Extracted data entries
▬▬▬▬▬▬▬▬▬▬

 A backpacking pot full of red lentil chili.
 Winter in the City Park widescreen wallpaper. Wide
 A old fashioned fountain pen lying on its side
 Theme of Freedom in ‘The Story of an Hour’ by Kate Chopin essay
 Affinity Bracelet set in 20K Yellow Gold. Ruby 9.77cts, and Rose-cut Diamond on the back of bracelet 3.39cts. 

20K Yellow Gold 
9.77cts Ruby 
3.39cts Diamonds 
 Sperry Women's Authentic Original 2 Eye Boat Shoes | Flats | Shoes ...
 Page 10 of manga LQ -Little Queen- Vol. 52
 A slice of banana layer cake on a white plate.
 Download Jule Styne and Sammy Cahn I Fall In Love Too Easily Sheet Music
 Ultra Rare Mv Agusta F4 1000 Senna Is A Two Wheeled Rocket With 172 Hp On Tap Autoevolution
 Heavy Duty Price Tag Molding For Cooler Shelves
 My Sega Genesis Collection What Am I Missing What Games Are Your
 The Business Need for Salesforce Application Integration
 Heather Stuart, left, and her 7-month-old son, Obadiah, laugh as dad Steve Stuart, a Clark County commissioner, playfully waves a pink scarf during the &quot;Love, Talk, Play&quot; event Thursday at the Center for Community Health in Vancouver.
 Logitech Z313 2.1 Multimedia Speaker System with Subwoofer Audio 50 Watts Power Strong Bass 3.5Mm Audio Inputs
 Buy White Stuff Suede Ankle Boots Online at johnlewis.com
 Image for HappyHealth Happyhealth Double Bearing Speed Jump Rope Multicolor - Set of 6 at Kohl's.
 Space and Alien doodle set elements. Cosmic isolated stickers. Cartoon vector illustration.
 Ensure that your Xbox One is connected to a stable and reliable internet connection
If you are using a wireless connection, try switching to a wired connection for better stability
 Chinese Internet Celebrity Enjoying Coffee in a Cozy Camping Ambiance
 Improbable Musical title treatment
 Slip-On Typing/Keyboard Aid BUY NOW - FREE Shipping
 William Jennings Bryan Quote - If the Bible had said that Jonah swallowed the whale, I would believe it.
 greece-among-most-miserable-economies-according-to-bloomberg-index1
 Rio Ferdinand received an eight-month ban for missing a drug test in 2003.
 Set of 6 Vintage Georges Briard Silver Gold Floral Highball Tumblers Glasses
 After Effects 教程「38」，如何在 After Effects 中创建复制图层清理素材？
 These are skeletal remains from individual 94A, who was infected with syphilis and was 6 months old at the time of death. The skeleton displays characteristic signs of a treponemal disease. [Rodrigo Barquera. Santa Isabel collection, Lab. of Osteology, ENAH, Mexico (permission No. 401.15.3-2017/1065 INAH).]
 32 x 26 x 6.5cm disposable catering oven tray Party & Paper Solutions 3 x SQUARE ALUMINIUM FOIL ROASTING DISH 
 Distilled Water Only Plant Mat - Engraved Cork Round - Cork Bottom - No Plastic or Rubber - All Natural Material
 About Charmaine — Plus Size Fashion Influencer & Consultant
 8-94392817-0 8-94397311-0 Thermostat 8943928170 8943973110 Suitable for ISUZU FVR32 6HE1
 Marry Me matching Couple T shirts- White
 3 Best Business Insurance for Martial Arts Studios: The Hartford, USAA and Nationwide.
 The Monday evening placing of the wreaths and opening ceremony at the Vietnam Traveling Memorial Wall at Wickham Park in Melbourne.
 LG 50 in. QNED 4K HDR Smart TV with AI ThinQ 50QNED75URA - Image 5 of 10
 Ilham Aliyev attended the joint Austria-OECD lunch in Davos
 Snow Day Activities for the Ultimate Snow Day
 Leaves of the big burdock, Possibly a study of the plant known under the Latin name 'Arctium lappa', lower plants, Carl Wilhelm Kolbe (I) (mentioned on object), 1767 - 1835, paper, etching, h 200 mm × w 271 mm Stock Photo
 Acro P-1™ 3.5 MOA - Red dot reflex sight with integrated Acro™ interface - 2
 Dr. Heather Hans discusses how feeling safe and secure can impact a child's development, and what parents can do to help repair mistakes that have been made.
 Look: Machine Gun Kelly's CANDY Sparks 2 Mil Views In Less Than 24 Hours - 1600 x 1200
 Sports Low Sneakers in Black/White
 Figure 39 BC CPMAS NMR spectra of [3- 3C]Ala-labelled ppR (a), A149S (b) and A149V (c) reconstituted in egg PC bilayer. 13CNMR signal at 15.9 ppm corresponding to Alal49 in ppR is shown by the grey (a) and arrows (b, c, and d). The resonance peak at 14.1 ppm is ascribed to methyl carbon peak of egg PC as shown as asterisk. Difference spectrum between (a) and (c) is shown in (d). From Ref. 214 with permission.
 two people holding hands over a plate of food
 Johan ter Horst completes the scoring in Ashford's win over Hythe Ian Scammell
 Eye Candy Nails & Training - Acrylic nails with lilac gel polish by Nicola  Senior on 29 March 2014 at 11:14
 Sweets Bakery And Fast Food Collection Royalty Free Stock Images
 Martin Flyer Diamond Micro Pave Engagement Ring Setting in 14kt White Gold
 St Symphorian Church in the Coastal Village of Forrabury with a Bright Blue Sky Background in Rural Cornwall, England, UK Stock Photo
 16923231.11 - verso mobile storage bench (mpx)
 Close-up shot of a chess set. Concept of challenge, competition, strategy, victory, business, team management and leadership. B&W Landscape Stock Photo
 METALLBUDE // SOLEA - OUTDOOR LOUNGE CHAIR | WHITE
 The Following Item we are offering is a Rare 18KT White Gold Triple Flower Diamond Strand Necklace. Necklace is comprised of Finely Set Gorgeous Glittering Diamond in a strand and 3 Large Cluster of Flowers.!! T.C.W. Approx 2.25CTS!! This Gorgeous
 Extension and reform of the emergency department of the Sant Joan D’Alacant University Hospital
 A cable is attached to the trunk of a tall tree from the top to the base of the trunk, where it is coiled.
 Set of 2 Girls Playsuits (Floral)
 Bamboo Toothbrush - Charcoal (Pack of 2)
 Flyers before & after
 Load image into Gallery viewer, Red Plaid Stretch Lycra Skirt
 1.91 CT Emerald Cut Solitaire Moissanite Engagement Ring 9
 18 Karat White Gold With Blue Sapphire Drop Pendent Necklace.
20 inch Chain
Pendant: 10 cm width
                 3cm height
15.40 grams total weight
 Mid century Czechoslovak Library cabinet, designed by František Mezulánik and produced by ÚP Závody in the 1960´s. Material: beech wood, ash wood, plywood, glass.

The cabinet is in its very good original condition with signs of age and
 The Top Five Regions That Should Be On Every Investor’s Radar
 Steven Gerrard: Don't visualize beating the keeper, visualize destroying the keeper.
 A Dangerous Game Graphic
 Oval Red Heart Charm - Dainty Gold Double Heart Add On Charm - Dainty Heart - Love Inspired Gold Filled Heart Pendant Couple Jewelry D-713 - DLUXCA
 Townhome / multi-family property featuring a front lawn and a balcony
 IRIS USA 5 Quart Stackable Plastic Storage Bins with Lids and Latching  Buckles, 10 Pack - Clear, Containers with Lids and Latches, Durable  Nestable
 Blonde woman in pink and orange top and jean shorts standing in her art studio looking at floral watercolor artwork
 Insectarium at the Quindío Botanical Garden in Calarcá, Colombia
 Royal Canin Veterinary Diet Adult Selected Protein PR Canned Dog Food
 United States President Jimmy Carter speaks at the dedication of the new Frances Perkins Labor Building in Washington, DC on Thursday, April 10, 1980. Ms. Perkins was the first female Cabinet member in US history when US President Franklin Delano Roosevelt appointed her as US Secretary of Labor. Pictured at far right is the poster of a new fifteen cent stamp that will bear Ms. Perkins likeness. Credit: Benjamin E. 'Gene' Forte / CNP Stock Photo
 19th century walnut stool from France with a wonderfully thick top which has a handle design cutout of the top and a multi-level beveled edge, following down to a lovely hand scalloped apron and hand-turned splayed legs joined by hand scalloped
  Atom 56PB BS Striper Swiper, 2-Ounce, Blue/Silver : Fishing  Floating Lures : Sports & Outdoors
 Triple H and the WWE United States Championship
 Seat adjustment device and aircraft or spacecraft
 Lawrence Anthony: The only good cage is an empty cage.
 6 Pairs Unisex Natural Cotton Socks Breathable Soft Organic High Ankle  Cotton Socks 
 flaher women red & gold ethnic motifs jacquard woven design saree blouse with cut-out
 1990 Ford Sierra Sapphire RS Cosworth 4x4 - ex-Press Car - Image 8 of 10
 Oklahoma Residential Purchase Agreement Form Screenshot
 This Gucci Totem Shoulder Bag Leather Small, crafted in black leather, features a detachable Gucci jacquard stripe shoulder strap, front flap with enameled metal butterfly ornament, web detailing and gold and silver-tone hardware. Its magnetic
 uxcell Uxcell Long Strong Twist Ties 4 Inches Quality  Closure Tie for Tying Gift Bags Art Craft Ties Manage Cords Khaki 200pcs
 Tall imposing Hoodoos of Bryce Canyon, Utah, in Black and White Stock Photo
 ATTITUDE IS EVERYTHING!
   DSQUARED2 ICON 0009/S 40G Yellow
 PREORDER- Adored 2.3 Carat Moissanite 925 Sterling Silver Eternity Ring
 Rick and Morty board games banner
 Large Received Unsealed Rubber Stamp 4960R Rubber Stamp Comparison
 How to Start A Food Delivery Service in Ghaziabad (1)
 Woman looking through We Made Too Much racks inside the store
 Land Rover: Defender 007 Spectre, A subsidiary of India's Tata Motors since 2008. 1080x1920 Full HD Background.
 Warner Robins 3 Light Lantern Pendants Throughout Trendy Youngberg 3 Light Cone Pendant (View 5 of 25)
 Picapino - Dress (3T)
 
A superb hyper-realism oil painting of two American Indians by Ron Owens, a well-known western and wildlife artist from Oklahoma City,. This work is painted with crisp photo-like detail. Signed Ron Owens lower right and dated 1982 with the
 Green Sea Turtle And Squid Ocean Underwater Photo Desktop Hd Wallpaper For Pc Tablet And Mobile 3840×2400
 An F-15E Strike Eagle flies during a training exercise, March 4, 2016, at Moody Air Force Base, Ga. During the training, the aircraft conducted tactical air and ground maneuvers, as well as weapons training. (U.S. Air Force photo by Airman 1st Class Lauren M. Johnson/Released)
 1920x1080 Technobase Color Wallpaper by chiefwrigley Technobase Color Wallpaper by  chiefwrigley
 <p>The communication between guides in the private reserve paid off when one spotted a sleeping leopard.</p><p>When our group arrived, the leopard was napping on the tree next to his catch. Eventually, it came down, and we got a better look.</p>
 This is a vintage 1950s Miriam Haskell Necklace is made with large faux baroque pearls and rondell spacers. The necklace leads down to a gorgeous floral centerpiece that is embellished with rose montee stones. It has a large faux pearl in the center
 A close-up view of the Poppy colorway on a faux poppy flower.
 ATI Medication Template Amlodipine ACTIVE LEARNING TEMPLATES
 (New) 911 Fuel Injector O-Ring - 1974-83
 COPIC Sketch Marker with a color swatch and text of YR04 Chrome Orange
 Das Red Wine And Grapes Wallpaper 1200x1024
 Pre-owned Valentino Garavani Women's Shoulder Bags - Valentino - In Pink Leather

▬▬▬▬▬▬▬▬▬▬

# Exercise objective
Using the records above, state how many lines contain "Sports"; a single number is the whole answer.

# Exercise output
2